From here we can use the tools included within busybox.
Debugging Egress with Telnet
Now that we have busybox running within the same namespace as our pod, we can test egress to another node using telnet exactly as we would in a traditional environment:
telnet testserver.tinfoilcipher.co.uk 22 # connected to testserver.tinfoilcipher.co.uk. # Escape character is '^]'. # SSH-2.0-OpenSSH_7.2p2 Ubuntu-4ubuntu2.8
From this we can see that we have egress from our namespace to our node over SSH, this same method can be used to debug TCP connectivity to any IP address or hostname and is a simple test to perform to test egress from a namespace.
Testing DNS Resolution
DNS resolution is another common issue which we can test with busybox using dig or nslookup:
# Forward lookup dig testserver.tinfoilcipher.co.uk nslookup testserver.tinfoilcipher.co.uk # Reverse lookup dig 10.0.1.10 nslookup 10.0.1.10
Route Testing
In order to confirm that traffic is observing the expected route through your Cluster (in the event you have a complex configuration) and after existing the cluster, busybox contain traceroute, we can use this to test that our traffic is going the right way:
traceroute testserver.tinfoilcipher.co.uk
Packet Captures – The Ultimate Tool
This is all good and well for very basic tests, however sooner or later the only thing that’s going to do for a complicated problem is a proper packet capture. As most admins know there’s three tools you really have at your disposal; Wireshark, tshark (the terminal driven deployment of Wireshark) and tcpdump.
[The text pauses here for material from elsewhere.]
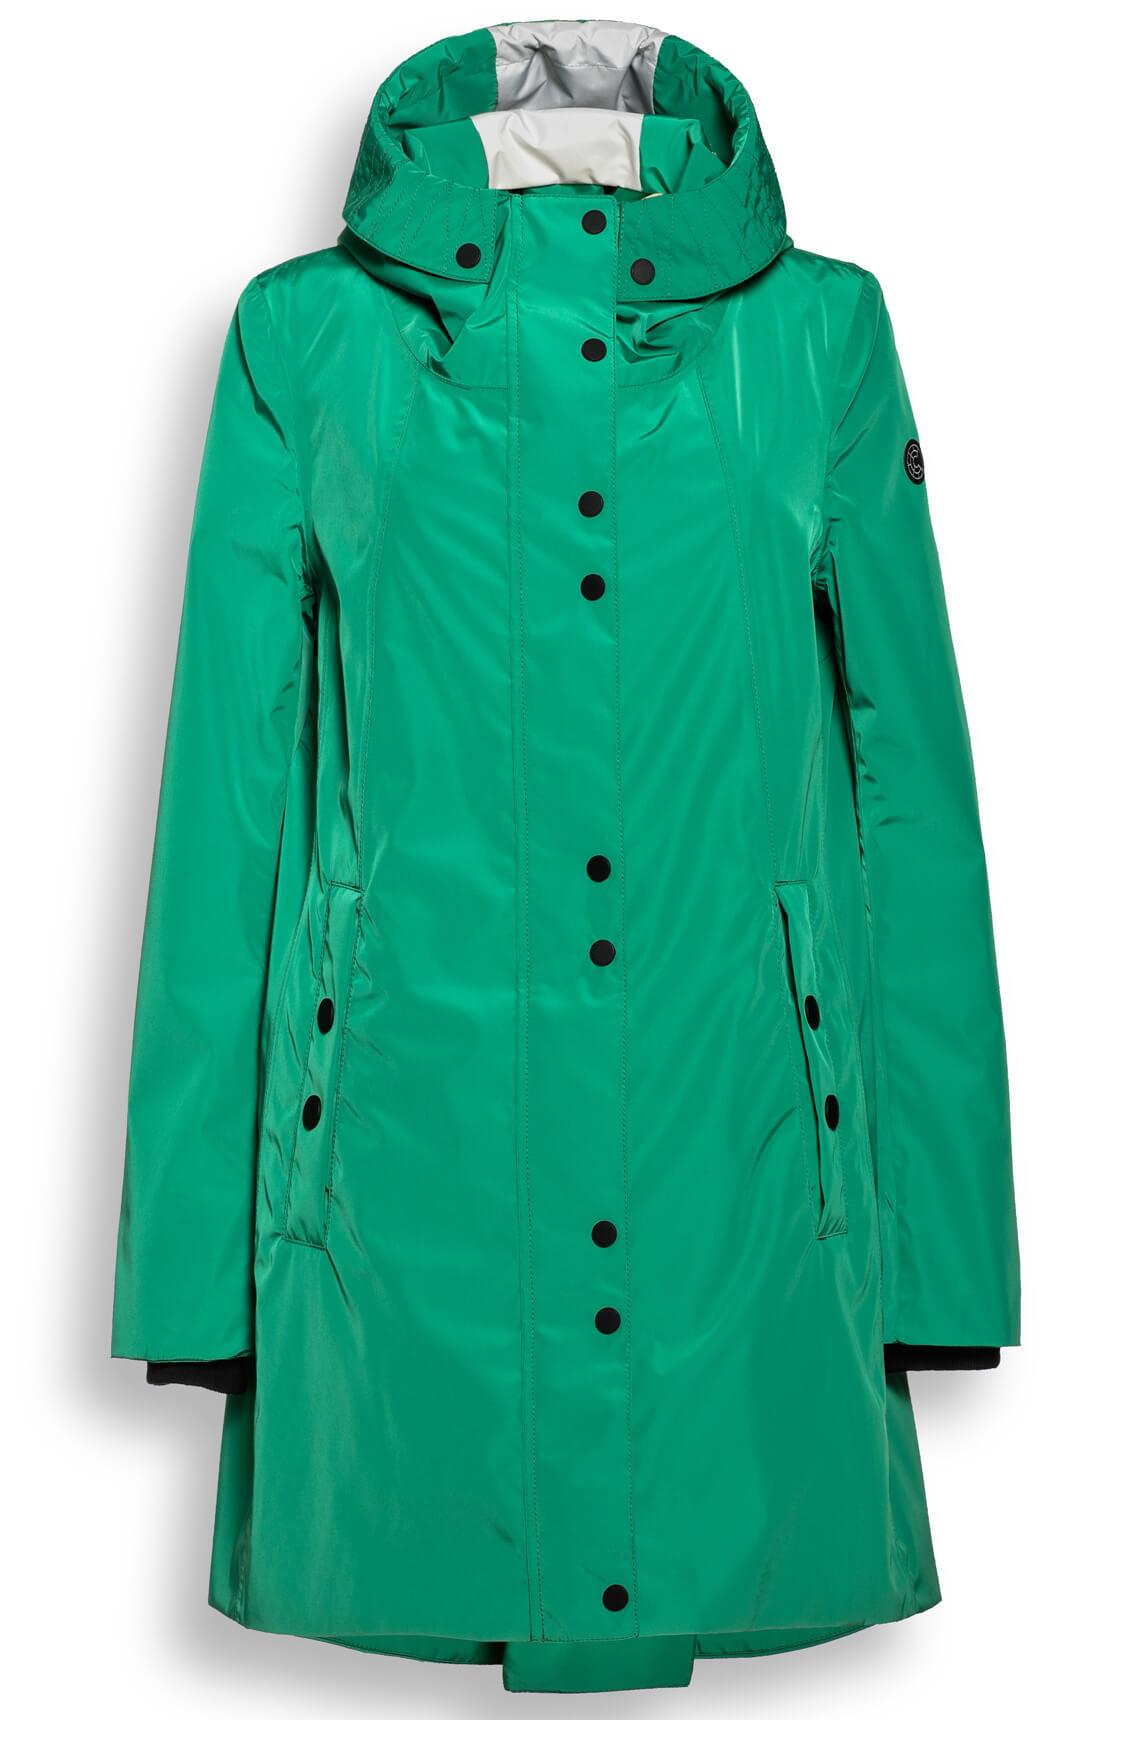 Creenstone Dames Regenjas groen

Wireshark is the undisputed king of network troubleshooting tools, but getting it to play with Kubernetes is something of a challenge, luckily the packet captures from tcpdump can be exported and viewed in Wireshark, so our problem gets a little easier).
Packet Captures – Available…With Caveats
A great new feature was introduced in Kubernetes at 1.16 as an alpha called Ephemeral Debug Containers which allows for the injection of a debugging sidecar directly in to a running pod, but since I spend most of my time working in EKS and at the time of writing this functionality hasn’t yet to be added (and doesn’t look set to for some time..so I’ll have to find another option). We’ll have to come back to Debug Containers in another post.
Our problem can still be solved but right out of the gate but I wouldn’t recommend this for anything but a development environment and certainly wouldn’t recommend it for production!
To get our capture, we can attempt to install tcpdump DIRECTLY in to a running container. This is a very variable process and relies on our container being built on a base image that has both an interactive shell and some package management (Alpine, Ubuntu etc.). Hardened “distroless” images aren’t a candidate for this process.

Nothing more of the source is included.